A história da arte brasileira, principalmente a escrita a partir do eixo Rio-São Paulo no calor dos anos 1960, parece se misturar com a trajetória desse artista.
Presente em exposições antológicas na construção dessa narrativa visual e amplamente estudada por pesquisadores e outros artistas, sua obra investiga a tênue vibração das formas e dos materiais através de objetos e instalações configuradas como truques para o olhar.
Sua seleção para a 33ª Bienal, a mostra "Os Aparecimentos", é antes de tudo uma curadoria de sua própria poética. Praticamente metade das obras mostradas na exposição são suas, como as das séries "Olhos D"Água" e "Orquestra".
Sobre a fundamentação de seu projeto, Caldas afirma exercer três atividades correlatas –"a do artista que realiza uma obra, a do artista que tem preferências e a de um terceiro que pensa a relação
entre os dois anteriores".
"Assim, eu posso tratar essas questões como gostaria, sem torná-las discursivas, colocando sob suspeita as justificativas e teorias estéticas", acrescenta o artista.
Um dos trabalhos que melhor sintetiza todo esse projeto é "Rodtchenko", pequeno objeto vermelho criado por Caldas em referência ao artista construtivista russo.
Ocupando discretamente uma parte do terceiro andar do pavilhão, esses trabalhos são mostrados em um ambiente amplo, permitindo que muitos deles sejam observados simultaneamente.
O espaço é limpo e austero, um deleite para as linhas e formas minimalistas dos trabalhos selecionados pelo artista-curador, em sua maioria históricos e consagrados.
"Visto que a produção de um artista trata de inúmeras questões que variam ao longo do tempo, escolhi obras que desviam do que mais se conhece de cada um deles e se destacam por seu valor e especificidade.
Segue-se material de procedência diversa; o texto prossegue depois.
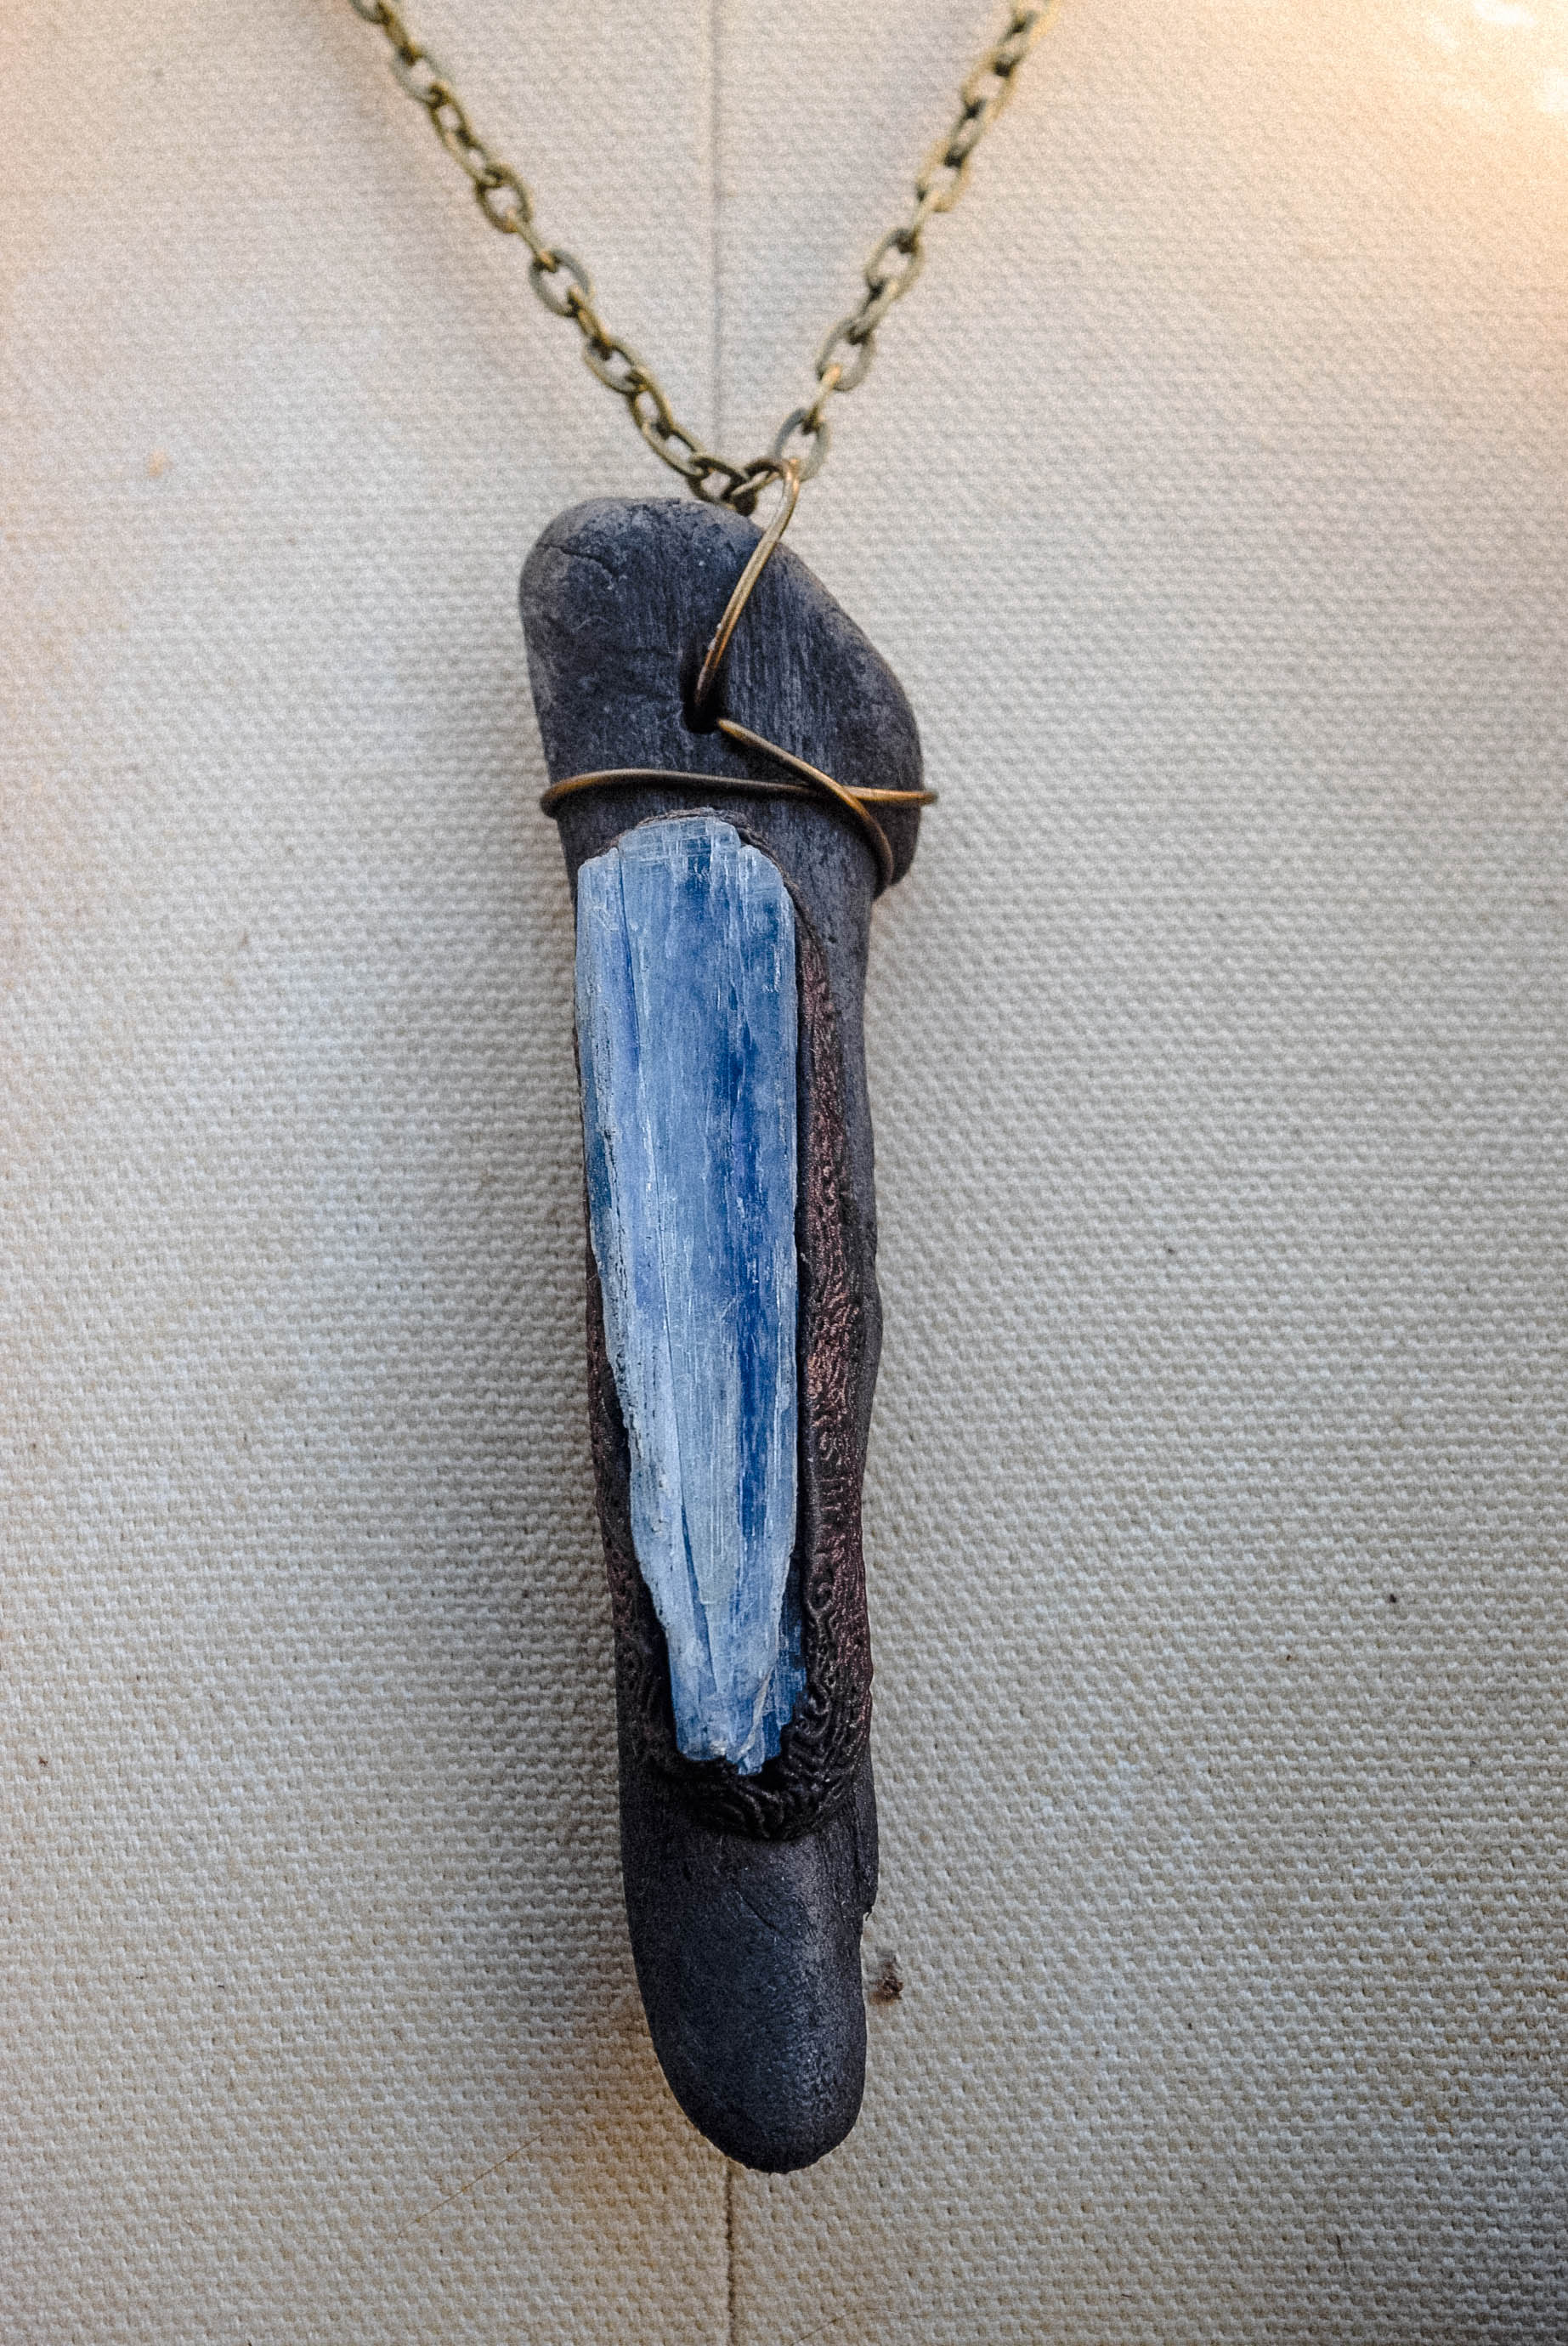 Driftwood Necklace with Blue Kyanite to Clear Fears and Blockages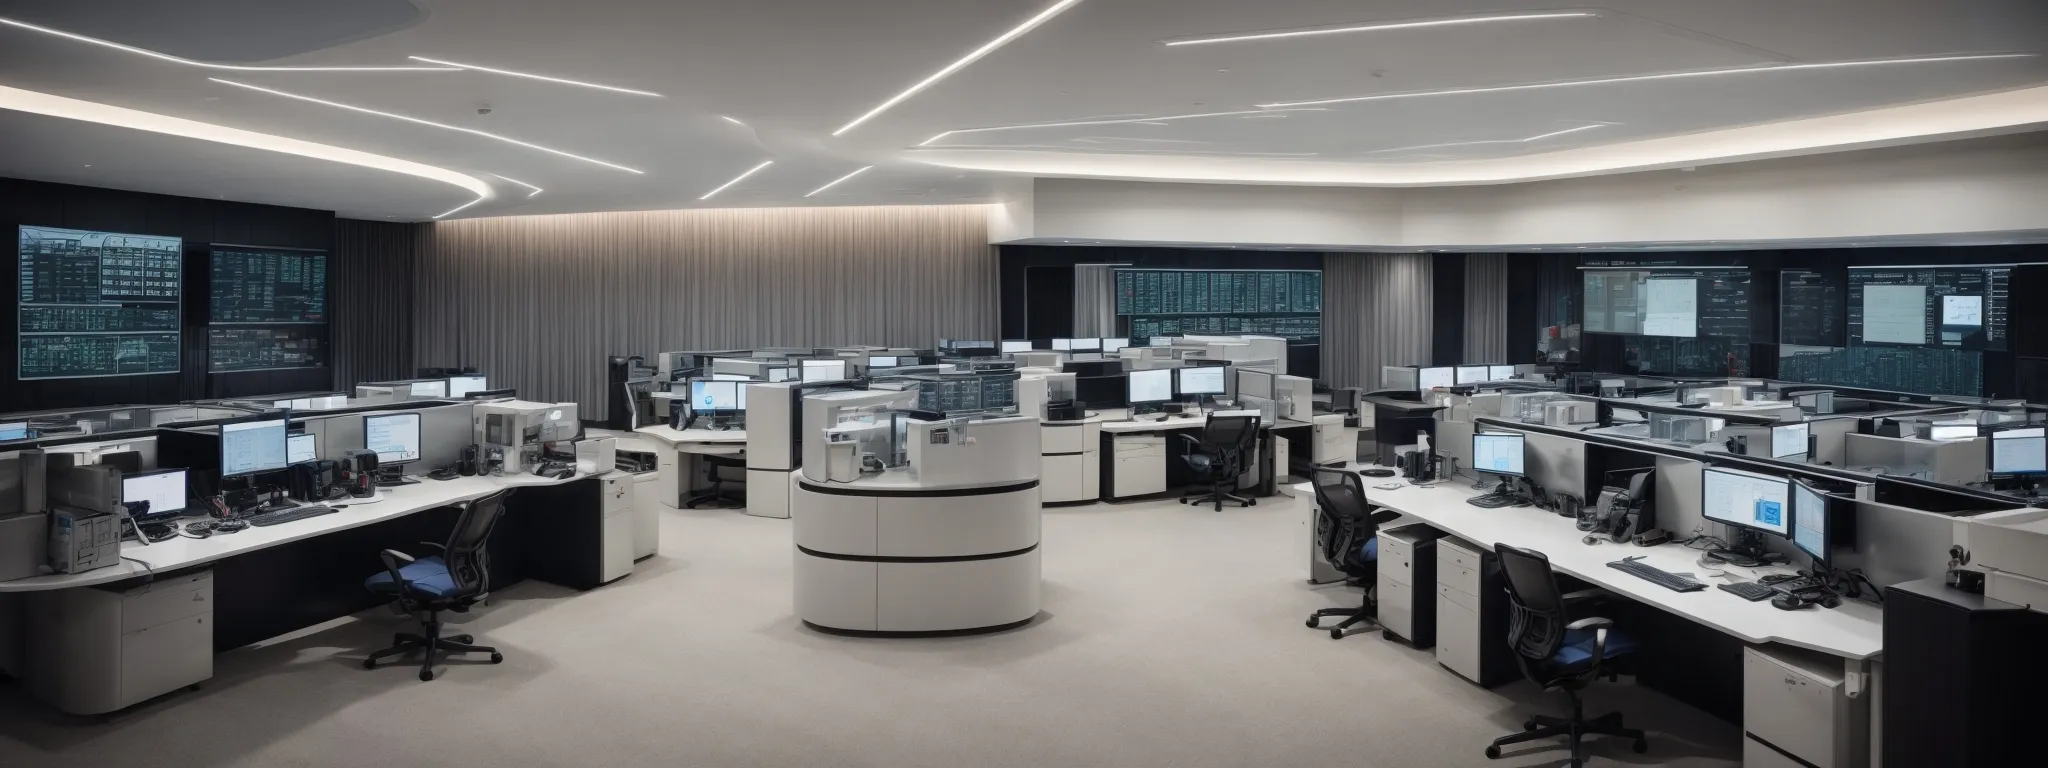 a sleek modern office with rows of computer stations indicating a high-tech control center for enterprise management.

O resultado da relação entre as peças escolhidas passou a ser o principal interesse desta seleção", diz.
As obras vão de objetos mais familiarizados com o conceitualismo formal de Waltercio Caldas, como as esculturas do espanhol Jorge Oteiza e dos brasileiros Sergio Camargo e José Resende, a pequenas pinturas ou gravuras de seus mestres pessoais, como Vicente do Rego Monteiro e Oswaldo Goeldi.
Juntas, as peças percorrem um arco temporal que vai do século 19 até os dias de hoje.
Outros artistas presentes nesse recorte (todos homens) têm obras que dialogam com maior ou menor intensidade com a poética de Caldas –o americano Bruce Nauman, os brasileiros Miguel Rio Branco e Antonio Dias, o britânico Anthony Caro, o italiano Antonio Calderara, entre outros.
A despeito de a exposição se abrir como uma imersão ímpar na poética de um artista da importância e do frescor de Waltercio Caldas, seu gesto curatorial parece reclamar um estado anterior.
Seu discurso às vezes parece sobrevalorizar a simplificação das formas e a autonomia da linguagem, algo que pode soar refratário a interpretações e contingências que agora entram em colisão com uma ideia de pureza da arte.